DESCRIPTION
The chimera.uchime command reads a fasta file and reference file and outputs potentially chimeric sequences. The original uchime program was written by Robert C. Edgar.SYNOPSIS
uchime --input query.fasta [--db db.fasta] [--uchimeout results.uchime]- [--uchimealns results.alns]
OPTIONS
--input filename
- Query sequences in FASTA format. If the --db option is not specificed, uchime uses de novo detection. In de novo mode, relative abundance must be given by a string /ab=xxx/ somewhere in the label, where xxx is a floating-point number, e.g. >F00QGH67HG/ab=1.2/.
--db filename
- Reference database in FASTA format. Optional, if not specified uchime uses de novo mode.

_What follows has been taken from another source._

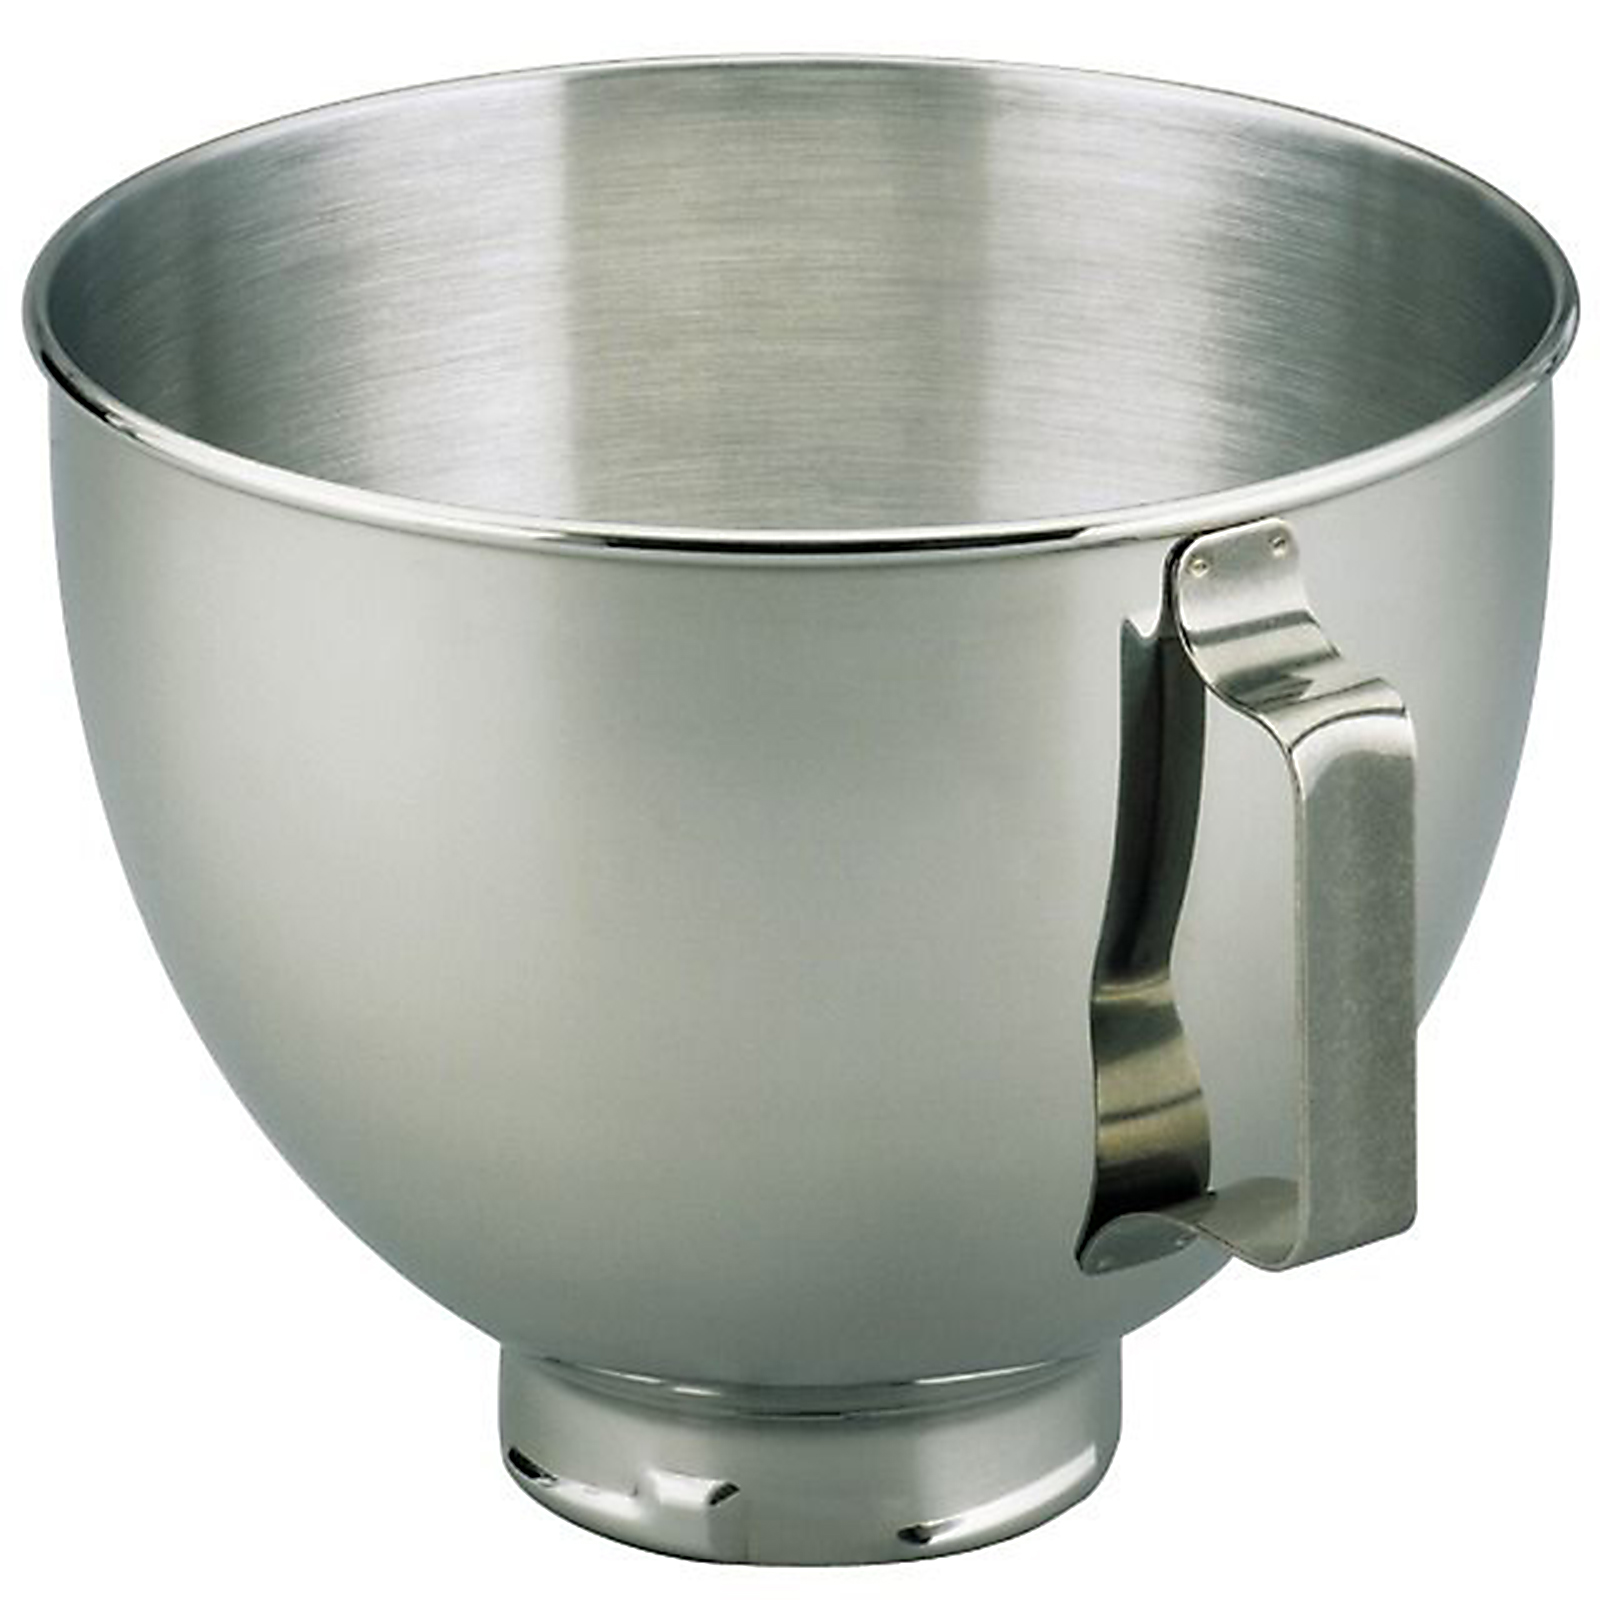 KitchenAid K45SBWH 4.5 Quart Stainless Steel Mixing Bowl with Handle Stainless Steel Kitchenaid Mixer Bowl

- ***WARNING*** The database is searched ONLY on the plus strand. You MUST include reverse-complemented sequences in the database if you want both strands to be searched.
--abskew x
- Minimum abundance skew. Default 1.9. De novo mode only. Abundance skew is:
- min [ abund(parent1), abund(parent2) ] / abund(query).
--uchimeout filename
- Output in tabbed format with one record per query sequence. First field is score (h), second field is query label. For details, see manual.
--uchimealns filename
- Multiple alignments of query sequences to parents in humanreadable format. Alignments show columns with differences that support or contradict a chimeric model.
--minh h
- Mininum score to report chimera. Default 0.3. Values from 0.1 to 5 might be reasonable. Lower values increase sensitivity but may report more false positives. If you decrease --xn, you may need to increase --minh, and vice versa.
--mindiv div
- Minimum divergence ratio, default 0.5. Div ratio is 100% - %identity between query sequence and the closest candidate for being a parent. If you don't care about very close chimeras, then you could increase --mindiv to, say, 1.0 or 2.0, and also decrease --min h, say to 0.1, to increase sensitivity. How well this works will depend on your data. Best is to tune parameters on a good benchmark.
--xn beta
- Weight of a no vote, also called the beta parameter. Default 8.0. Decreasing this weight to around 3 or 4 may give better performance on denoised data.
--dn n
- Pseudo-count prior on number of no votes. Default 1.4. Probably no good reason to change this unless you can retune to a good benchmark for your data. Reasonable values are probably in the range from 0.2 to 2.
--xa w
- Weight of an abstain vote. Default 1. So far, results do not seem to be very sensitive to this parameter, but if you have a good training set might be worth trying. Reasonable values might range from 0.1 to 2.
--chunks n
- Number of chunks to extract from the query sequence when searching for parents. Default 4.
--[no]ovchunks
- [Do not] use overlapping chunks. Default do not.
--minchunk n
- Minimum length of a chunk. Default 64.
--idsmoothwindow w
- Length of id smoothing window. Default 32.
--minsmoothid f
- Minimum factional identity over smoothed window of candidate parent. Default 0.95.
--maxp n
- Maximum number of candidate parents to consider. Default 2. In tests so far, increasing --maxp gives only a very small improvement in sensivity but tends to increase the error rate quite a bit.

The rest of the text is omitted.